В те годы директором Московской консерватории был некто Василий (опять же) Ильич Сафонов. «Наш Ильич» — как его за глаза ласково называли студенты. Невзирая на почти катастрофическую разницу в возрасте, росте и весе, Сафонов был не просто учителем Скрябина, но отчасти даже его поклонником. Скрябин бесконечно удивлял его своим особенным умом и ни на что не похожим дарованием. Важный директор и неважный студент..., с каждым годом обучения они сходились всё ближе и ближе. Иногда только под утро их (чуть ли не на носилках) вытаскивали из какого-нибудь ночного ресторана.
Вот так, будучи значительно его моложе, Александр Скрябин, тем не менее, очень близко сошёлся с Ильичом. А подобные знакомства, согласитесь, просто так не случаются. Теперь уже уверенно можно сказать, что их судьбоносная встреча одинаково сильно повлияла и на Ильича, и на молодого Скрябина. Не могу удержаться от того, чтобы не привести здесь небольшой акростих, тогда же написанный педагогом Ильичом — на студента Скрябина. И вот он, уже здесь:
|
Силой творческого духа
К небесам вздымая всех
Радость взора, сладость уха,
Я для всех фонтан утех.
Бурной жизни треволненья
Испытав как человек,
Напоследок без сомненья
Ъ-омонахом кончу век. [12]
Бурная молодость, впрочем, достаточно быстро прошла.
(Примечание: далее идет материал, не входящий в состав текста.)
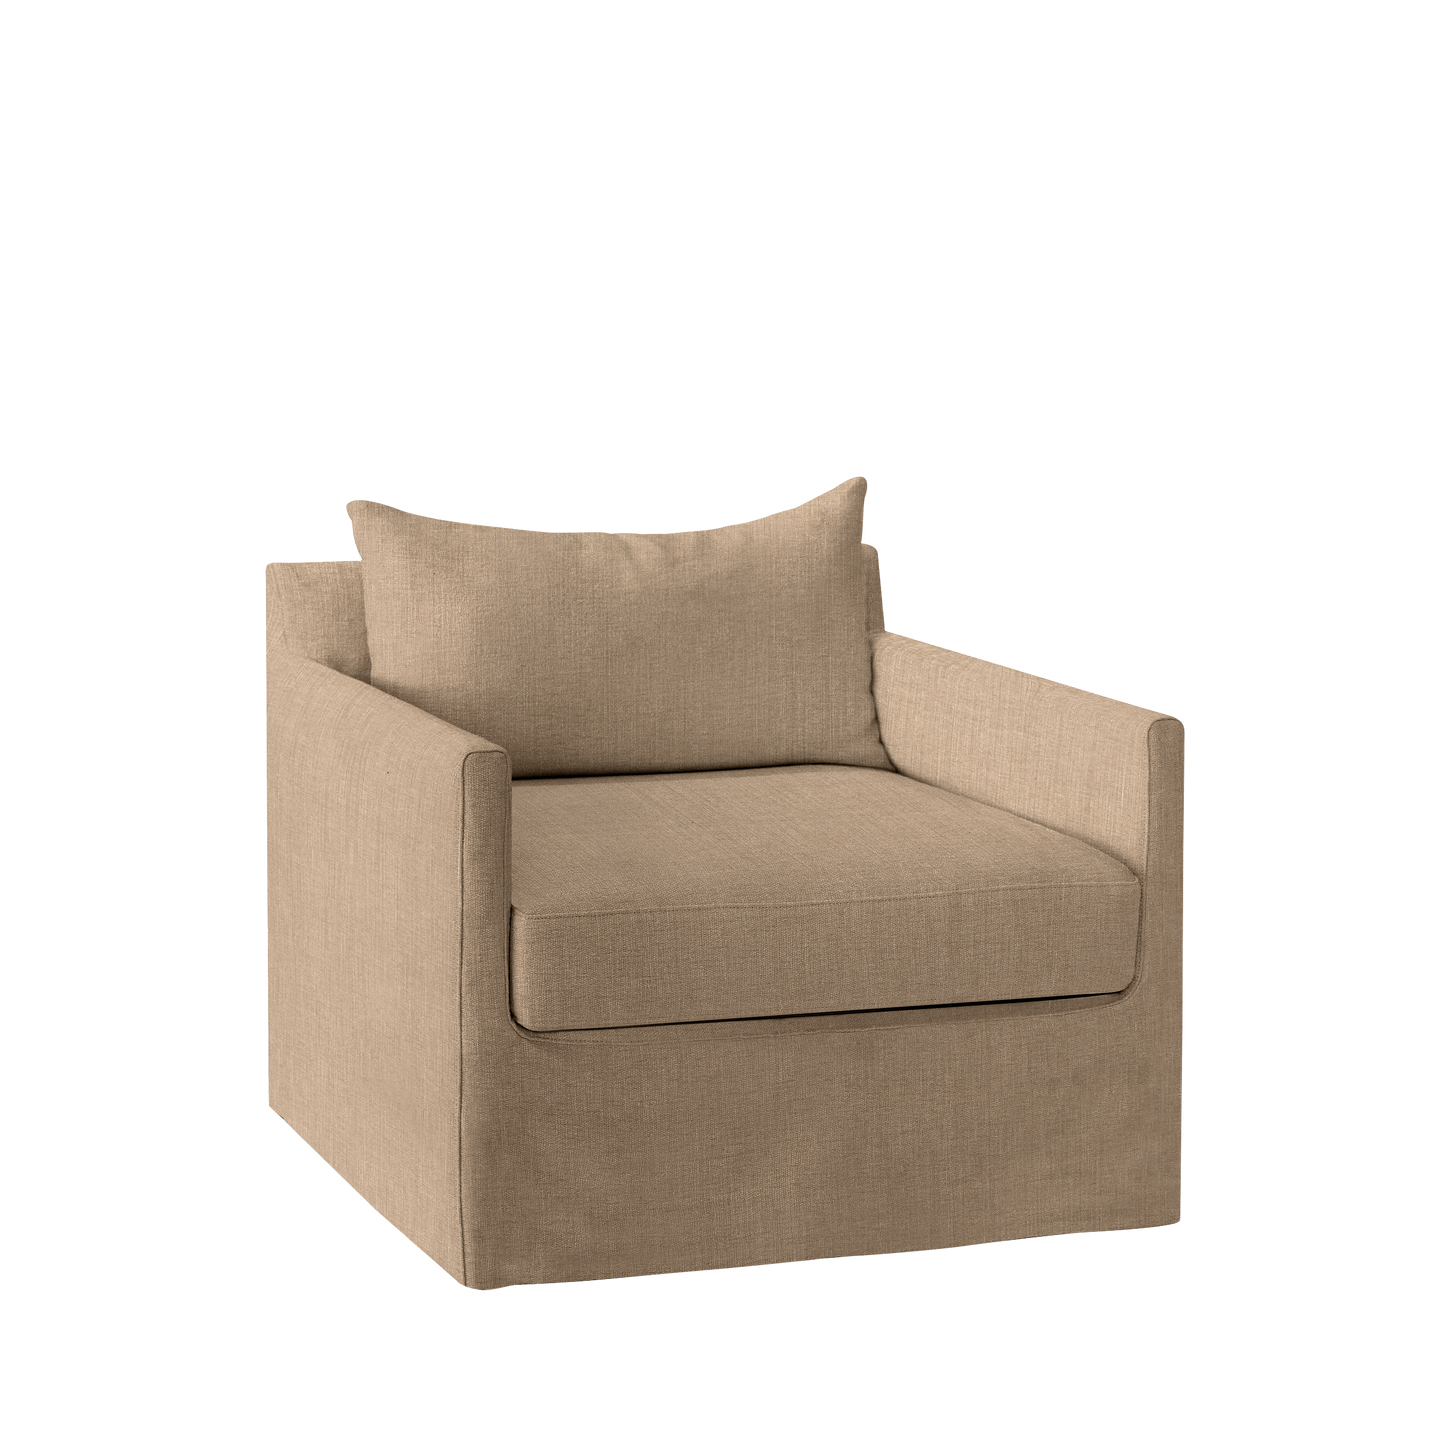 Extra wide Alba lounge chair with khaki textile

Тихо и неумолимо приближался 1905 год, а вместе с ним — и пора обещанного Ильичом Ъ-омонашества. Из «сундука с новыми сочинениями Шопена» (по известному определению некто-Лядова) Скрябин стремительно превращался уже в сундук с новыми сочинениями Скрябина. На первых порах, конечно, пришлось слегка наступить на горло собственной песне и (по)преподавать в консерватории, чтобы иметь какие-то деньги. Одновременно бодрила и тучная финансовая поддержка известного мецената и лесопромышленника (буржуя, конечно) Митрофана Беляева. Он же — издавал все сочинения молодого Александра Николаевича в своей типографии (в Лейпциге, конечно, кто же в Москве-то издавать станет!) — И кажется, дела понемногу (по)шли в гору.
С самой юности Скрябин был склонен ко всеобщему схематизму в своих представлениях о жизни (по крайней мере — собственной, не говоря уже о любой другой). К примеру, решив, что 26 лет — это есть исключительный возраст, когда непременно и во что бы то ни стало следует жениться (хоть трава не расти!), он немедленно это и проделал с первой попавшейся под руку девицей по фамилии «Вера Исакович» (тоже золотой медалисткой... — в смысле мануальной игры руками на фортепиано).
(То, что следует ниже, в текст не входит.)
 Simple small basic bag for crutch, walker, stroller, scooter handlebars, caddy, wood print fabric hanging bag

Говорят, во время и после той свадьбы Скрябин был грустен — как никогда более в своей жизни. Однако схемы требуют жертв. И Александр Николаевич без излишних раздумий приносил эти жертвы, ничего не скажешь: настоящий партийный функционер.
К тому же времени полное развитие получило и ещё одно явление исключительной силы, о котором я не могу (попросту не имею права) умолчать, поскольку речь идёт о предмете — архи’важнейшем. В особенности теперь — перед лицом сгущающихся всемирных сумерек. С этого момента и до самой его трагической смерти этот предмет красной нитью проходил сквозь всю жизнь Скрябина. И здесь я имею в виду, конечно, его великие, трижды прекрасные усы.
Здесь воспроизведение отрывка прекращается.